2022 Tamil language horror film

Bestie is a 2022 Indian Tamil-language horror film directed by Ranga Kumar and starring Ashok Kumar and Yashika Aannand. It was released on 8 July 2022.

==Plot==
Ashok and Yashika embarked on a vacation to a secluded farmhouse. When their car broke down, they managed to reach the destination despite the setback. During their stay, an electrician, food delivery boy, plumber, and watchman repeatedly interrupted Yashika and Ashok, disrupting their intended relaxation. Eventually, it was revealed that these individuals were Yashika's family members seeking revenge for the gang rape and murder of Yashika's sister, Priyanka, perpetrated by Ashok and his friends, including Jeeva.
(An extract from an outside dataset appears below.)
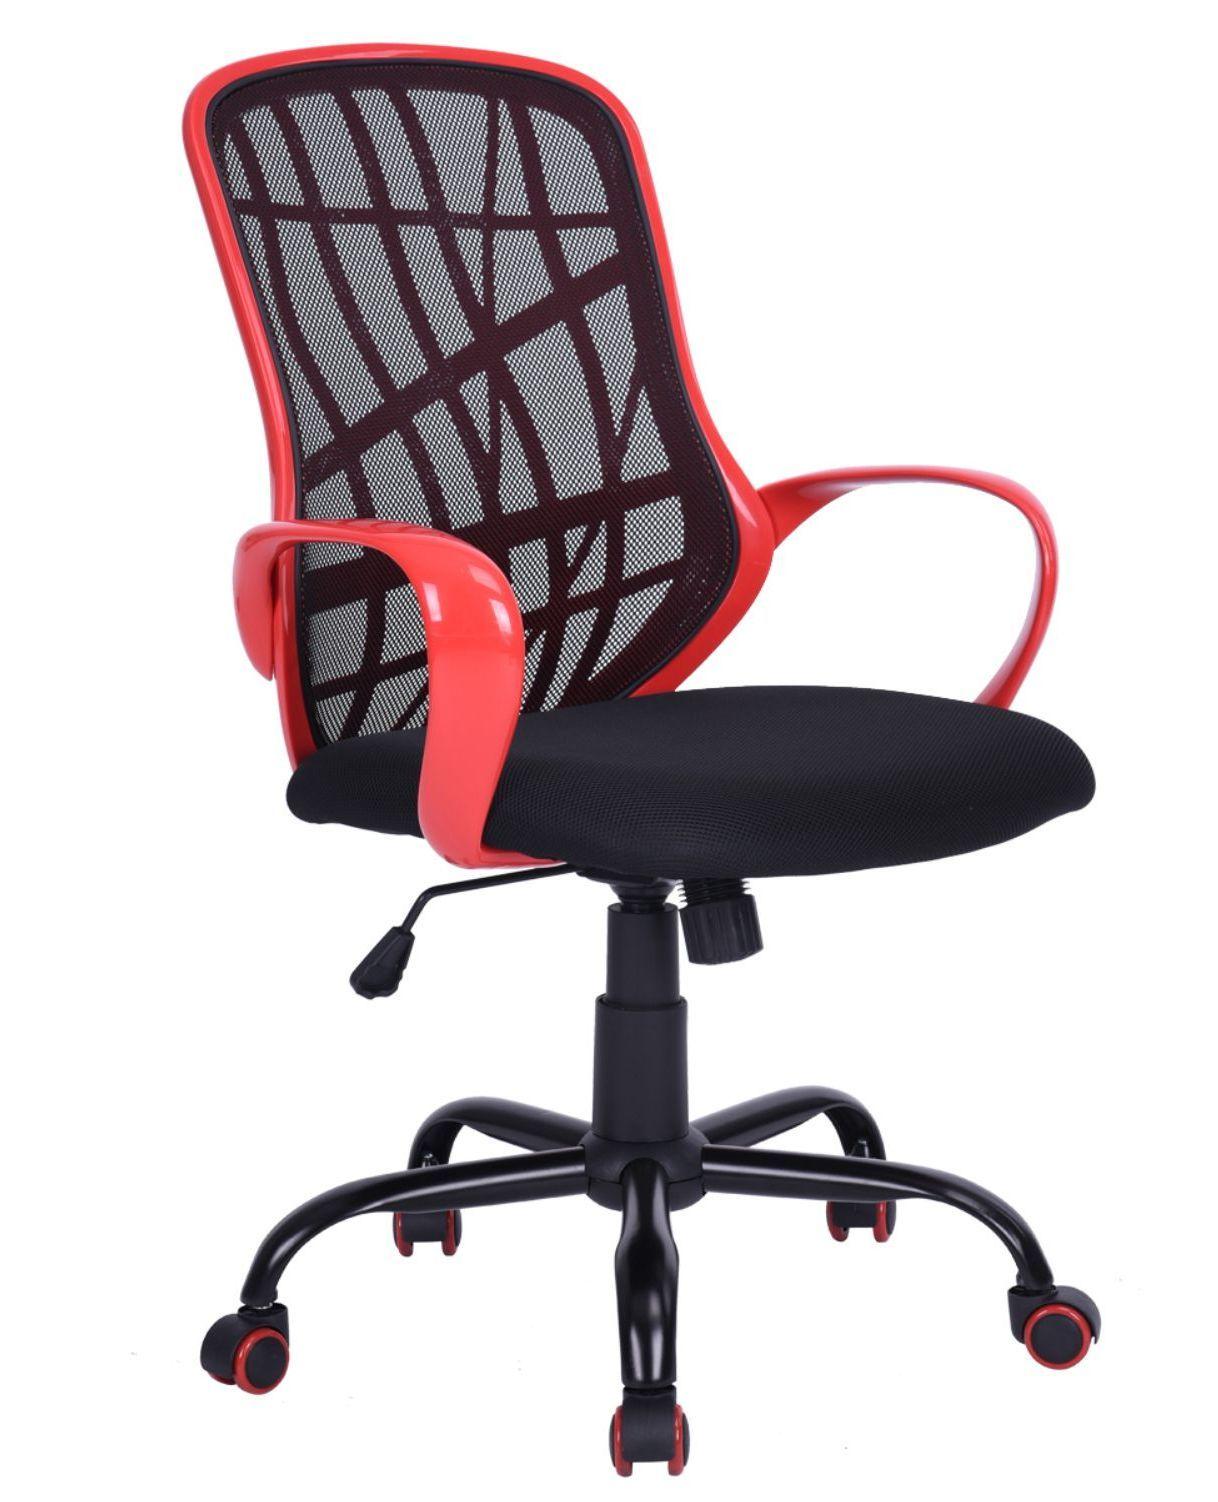 Cadeira Diretor Executivo Pelegrin PEL-3220 Vermelha e Preta

Yashika and her family members executed their premeditated plan, systematically targeting and killing Ashok and his friends. In the aftermath, the original watchman, who was on leave during the murders, filed a complaint at the police station. However, the Sub-Inspector stunned the watchman by revealing that the suspects he identified were already deceased before the murders occurred.

==Production==
The production of the film began before Yashika suffered a serious injury in June 2021.

==Reception==
The film was released on 8 July 2022. A critic from The Times of India wrote "The film starts off as a horror thriller and becomes a revenge drama towards the climax. There are many twists in the second half, but they generate little interest as the director fails to realise that viewers would be interested in the post-interval sequences only if the first half is bearable, which is not the case here". A reviewer from Dina Thanthi called the film "predictable". India Herald critic noted that the film is "A worst every movie made".